Data Sharing Statement
Medical and prescription data on the study population are de-identified claims data from Elevance Health insurance plans. These data are owned by Elevance Health and are not publicly available. Variables on the social determinants of health were derived from the American Community Survey, which can be found through the US Census Bureau. Death data from the National Death Index was collected from the Centers for Disease Control and Prevention.
Ethics Approval
The Western Institutional Review Board (WIRB)-Copernicus Group (WCG) Institutional Review Board approved the HIPAA waiver of authorization (IRB tracking number 20221832) for the use and disclosure of protected health information to link patients to the NDI as necessary for conduct of this research.
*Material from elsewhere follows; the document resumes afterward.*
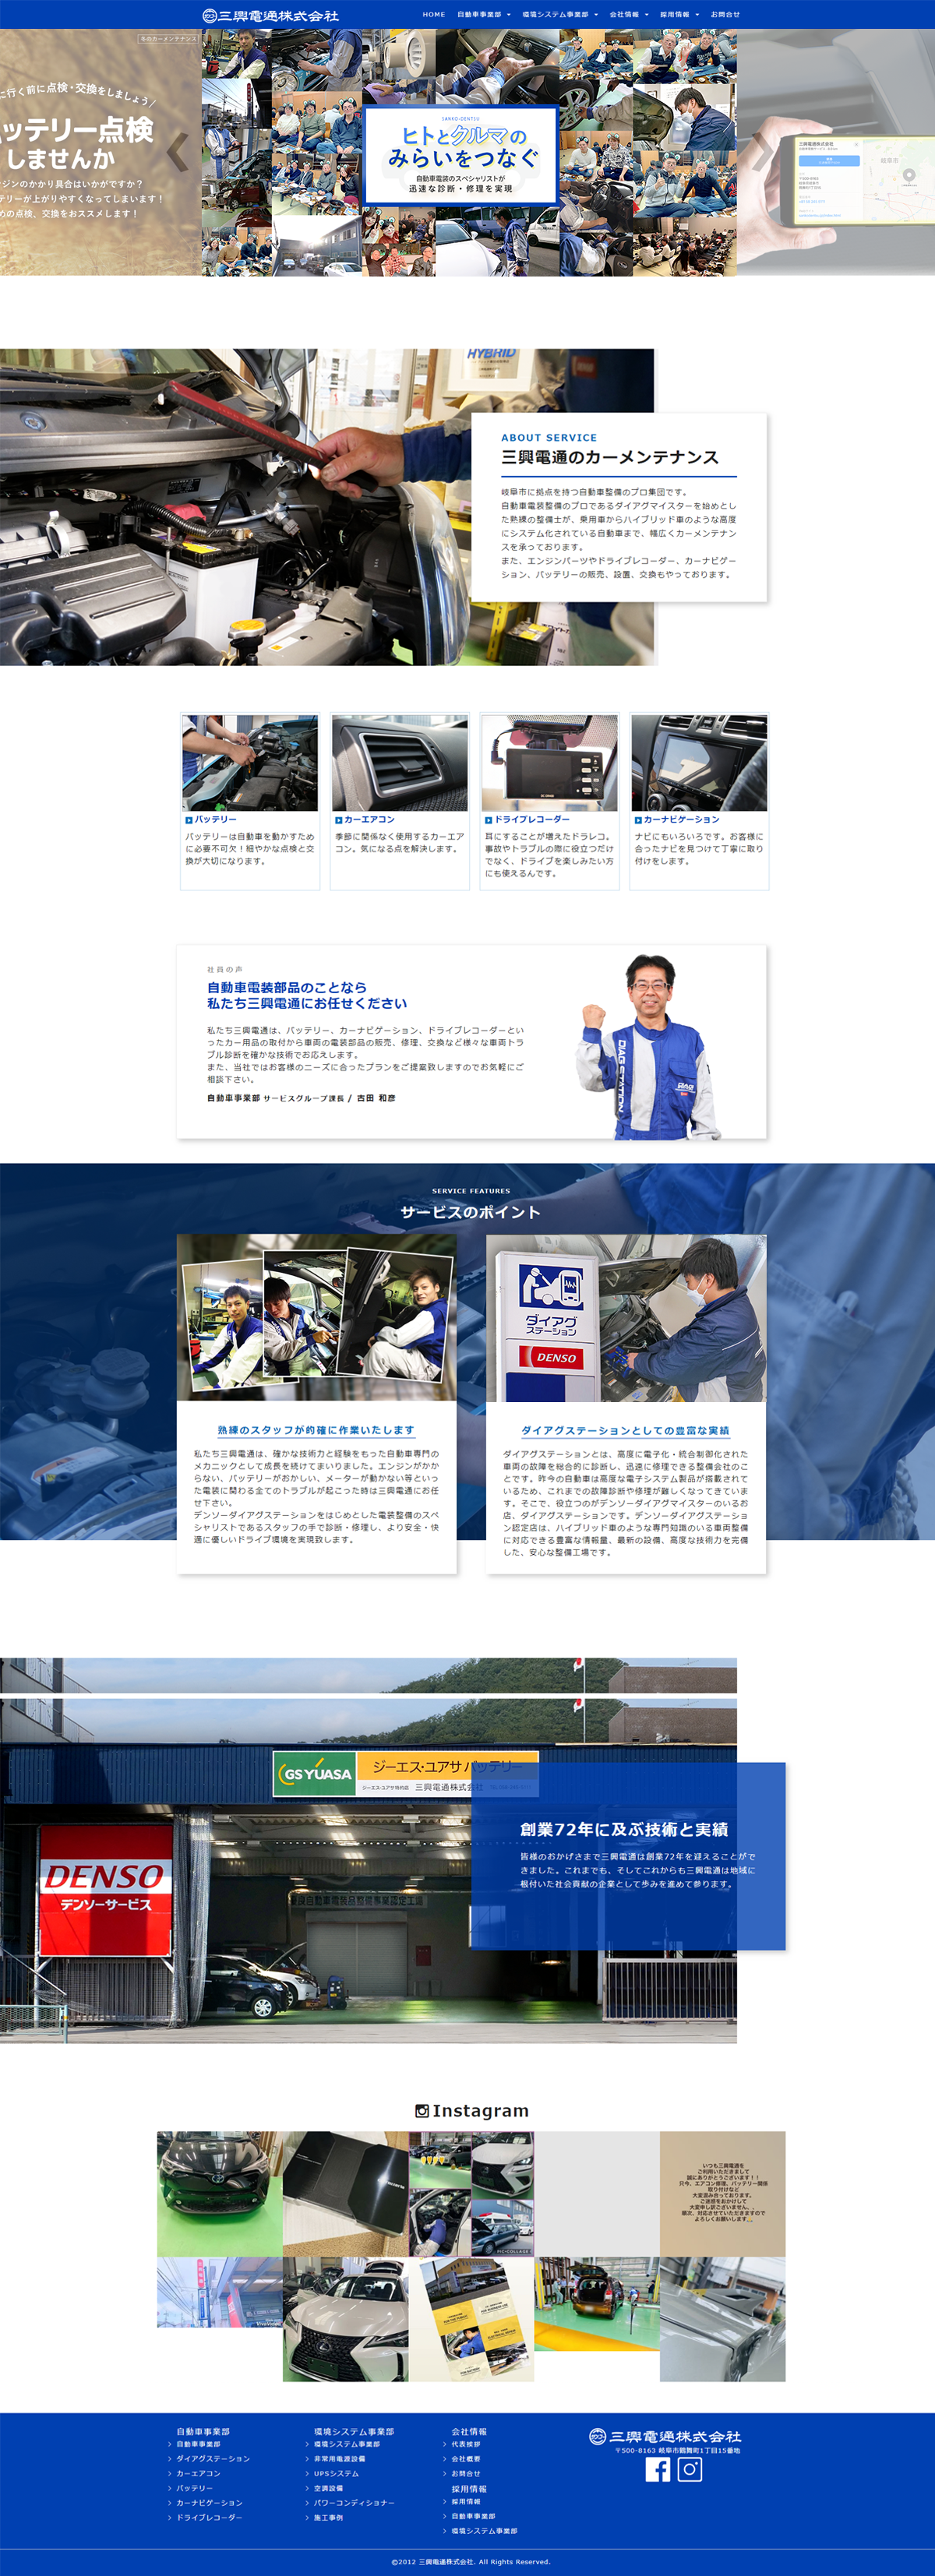 会社 扶桑 電通 株式

Carelon Research accesses the data in a manner that complies with federal and state laws and regulations, including those related to the privacy and security of individually identifiable health information.
Acknowledgments
The authors would like to thank Meghan Barczewski and Nicole Fournakis for project management support and Elizabeth Marks for editorial support of this manuscript.
Author Contributions
All authors made a significant contribution to the work reported, whether that is in the conception, study design, execution, acquisition of data, analysis and interpretation, or in all these areas; took part in drafting, revising, or critically reviewing the article; gave final approval of the version to be published; have agreed on the journal to which the article has been submitted; and agree to be accountable for all aspects of the work.
Disclosure
KD, SL, AT, and AN are employees of Carelon Research, Inc., which received funding for the conduct of this study from AstraZeneca. KD and SL are stockholders of Elevance Health. MP, KR CN, and NF are employees and stockholders of AstraZeneca. DM has received payment for consultant services from AstraZeneca and GSK; personal fees from Up to Date, personal fees from Genentech; and has been an expert witness for the Schlesinger Law Firm. GC has received research grant funding and payment for consultant services from AstraZeneca, GSK, and Chiesi Farmaceutici, and received payment or honoraria for lectures, presentations, speakers bureaus, manuscript writing, or educational events from Pulmonx. The authors report no other conflicts on interest in this work.